**What to work on**:
What you return must match the listing below character for character, minus any pictures.
[Data Boundary: Start]
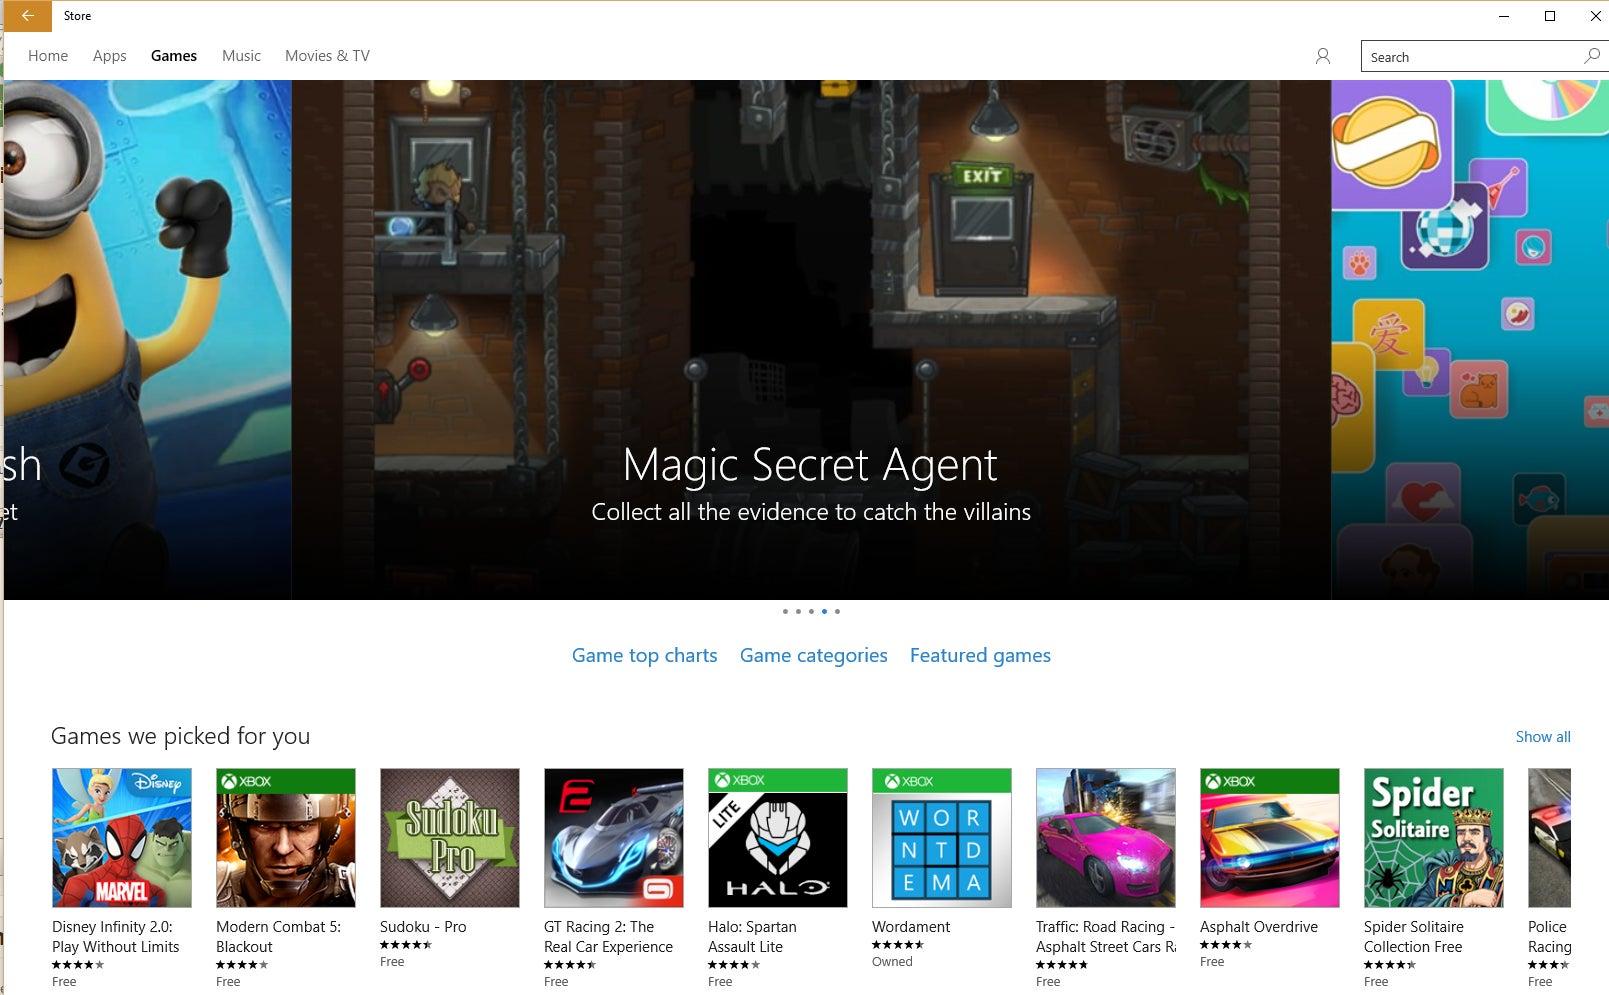 Free microsoft games for windows 10 | Windows 10 Games  2019-02-24
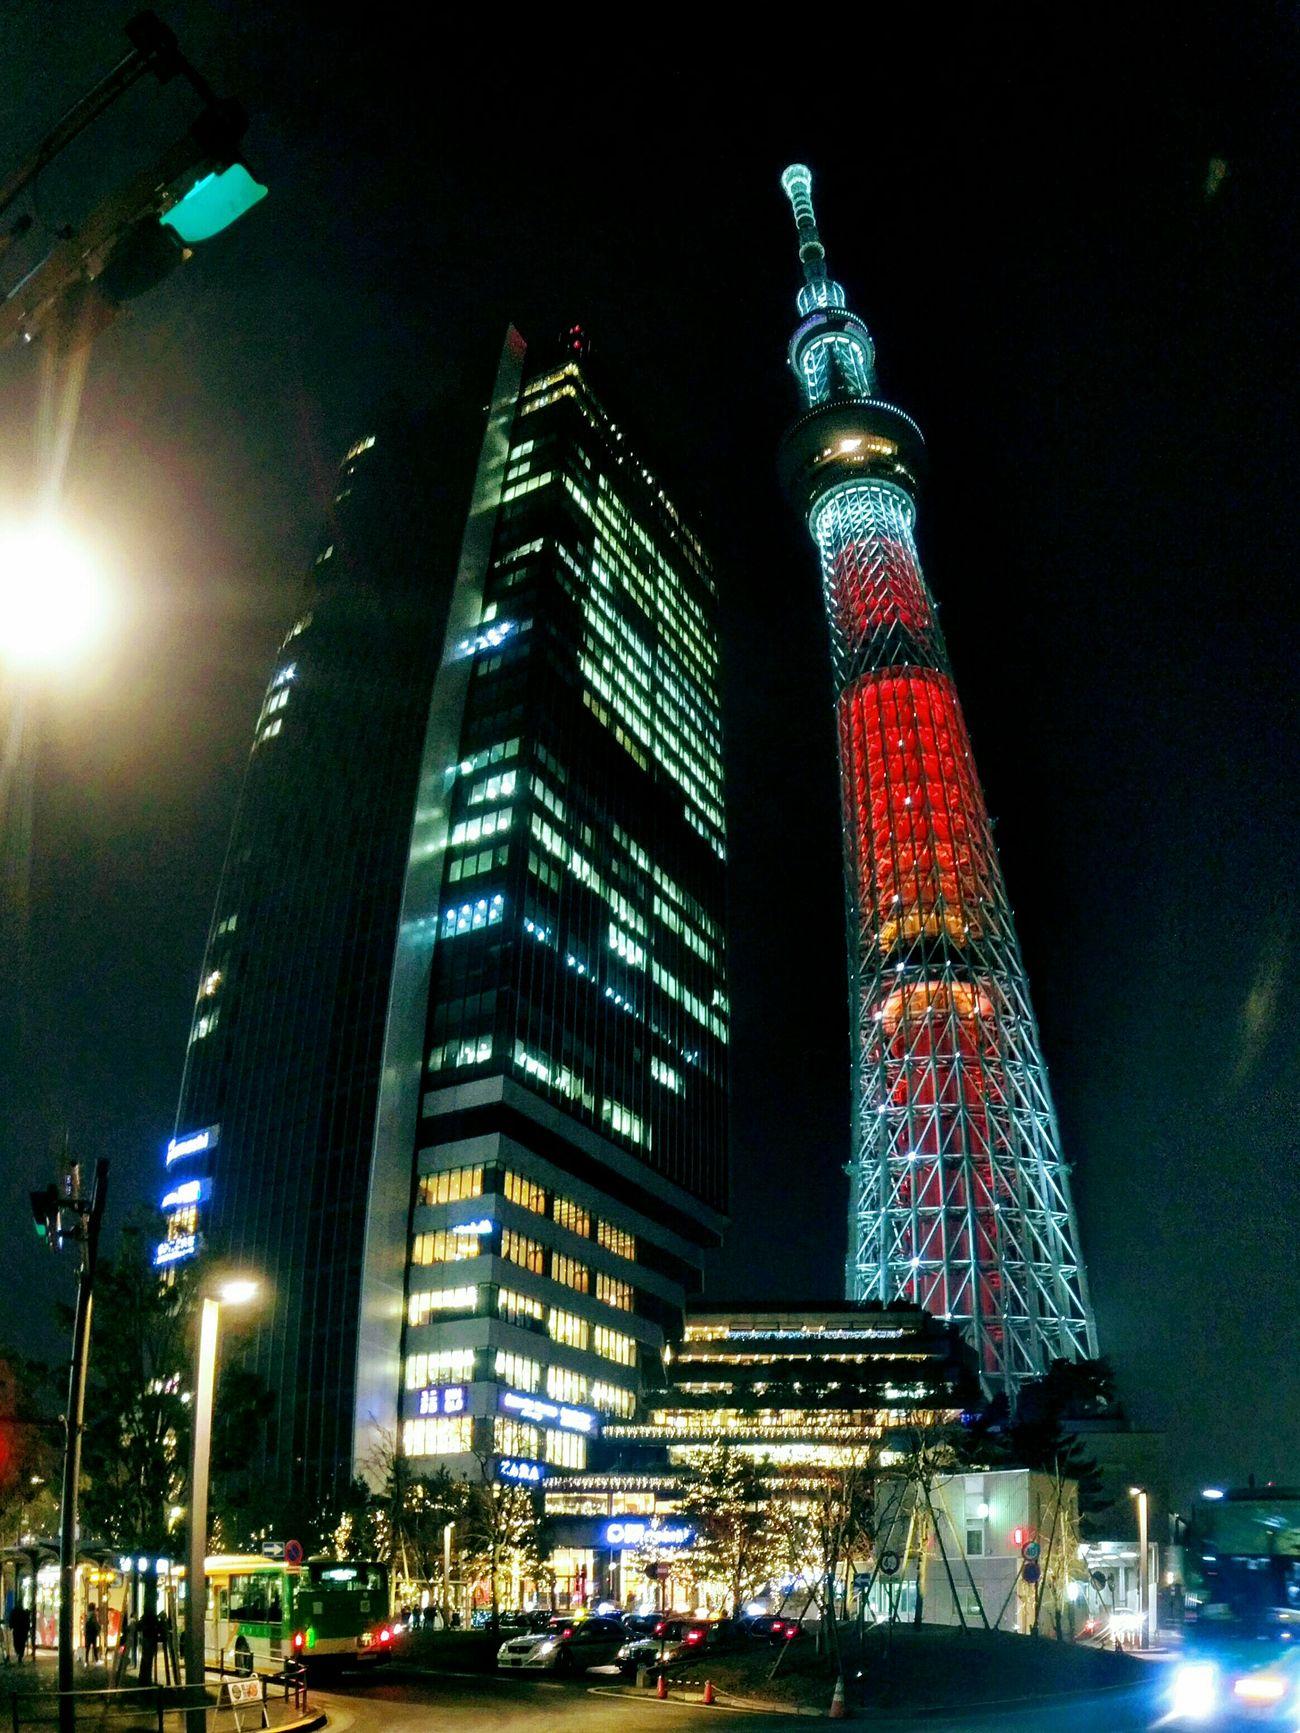 Christmas Illumination Tokyoskytree Light Up クリスマスイルミネーション 東京スカイツリー ライトアップ
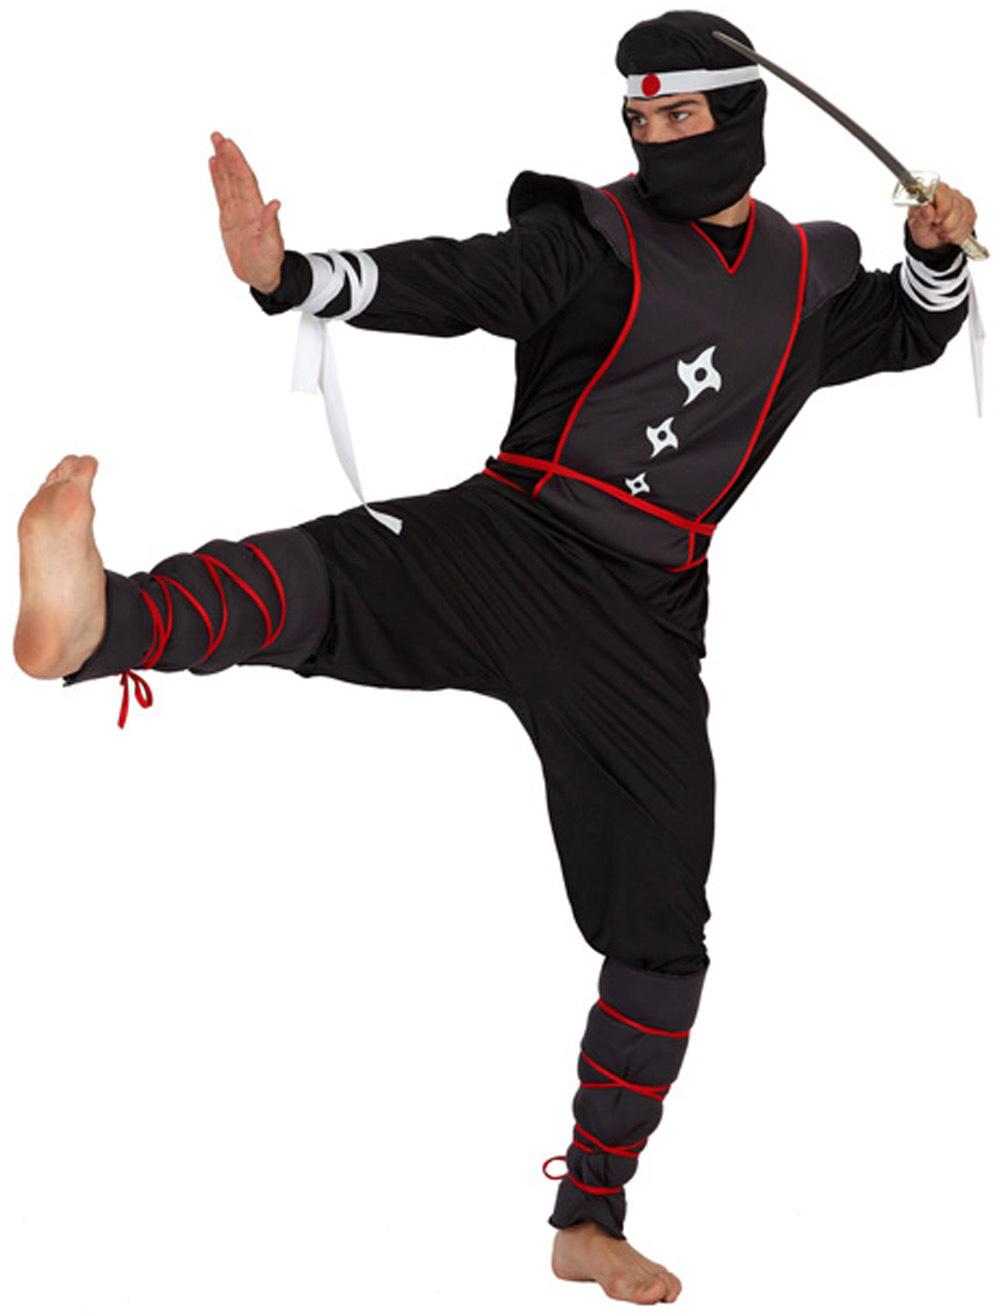 d6f95e7e117035 Déguisement ninja adulte   Guerrier ninja homme
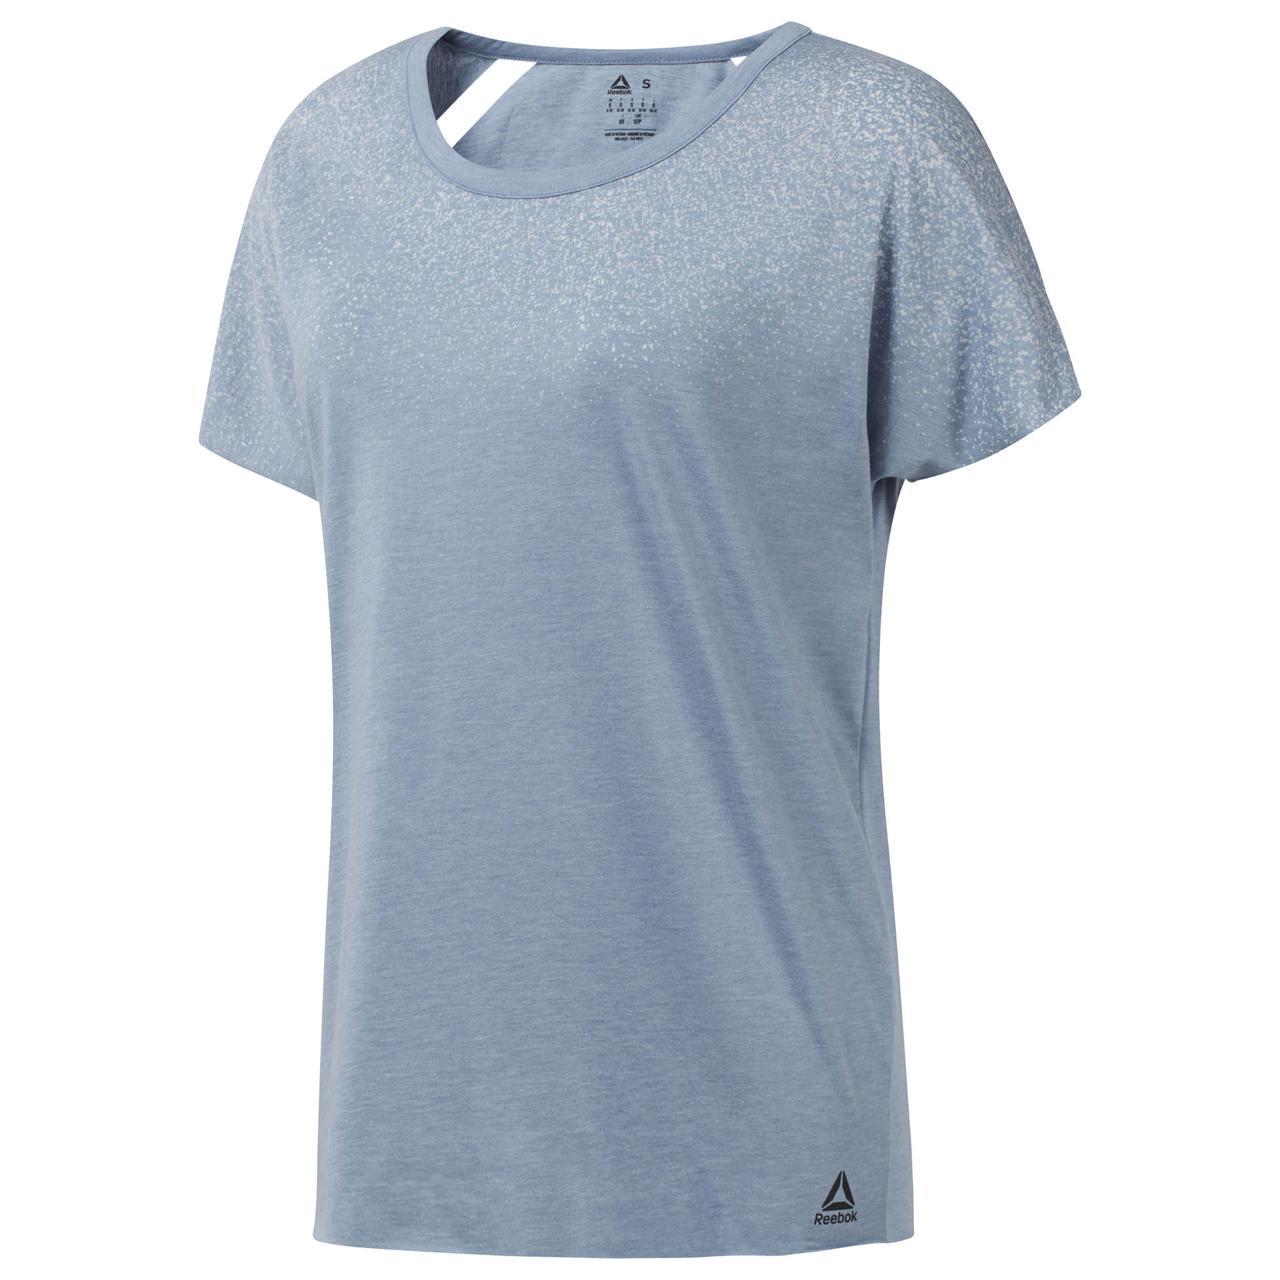 Женская футболка Reebok Distressed (Артикул: CY4930)
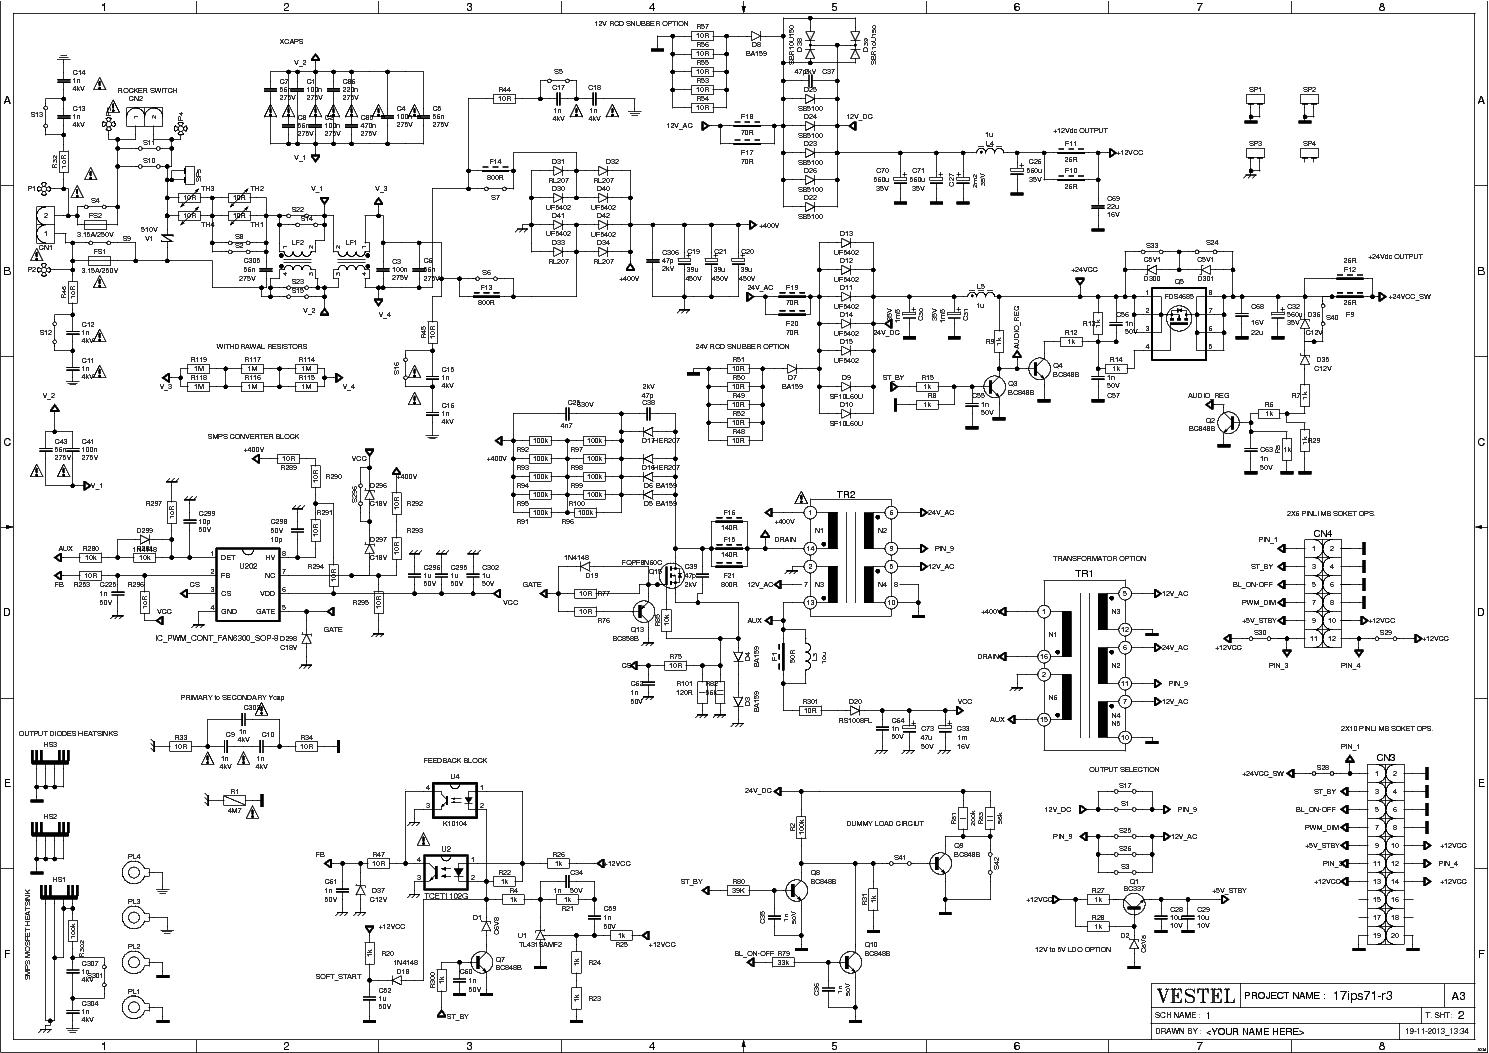 17pw26 4 circuit diagram trusted schematics wiring diagrams u2022 rh bestbooksrichtreasures com
[Data Boundary: End]
**Output of the exercise**:
 Free microsoft games for windows 10 | Windows 10 Games  2019-02-24
 Christmas Illumination Tokyoskytree Light Up クリスマスイルミネーション 東京スカイツリー ライトアップ
 d6f95e7e117035 Déguisement ninja adulte   Guerrier ninja homme
 Женская футболка Reebok Distressed (Артикул: CY4930)
 17pw26 4 circuit diagram trusted schematics wiring diagrams u2022 rh bestbooksrichtreasures com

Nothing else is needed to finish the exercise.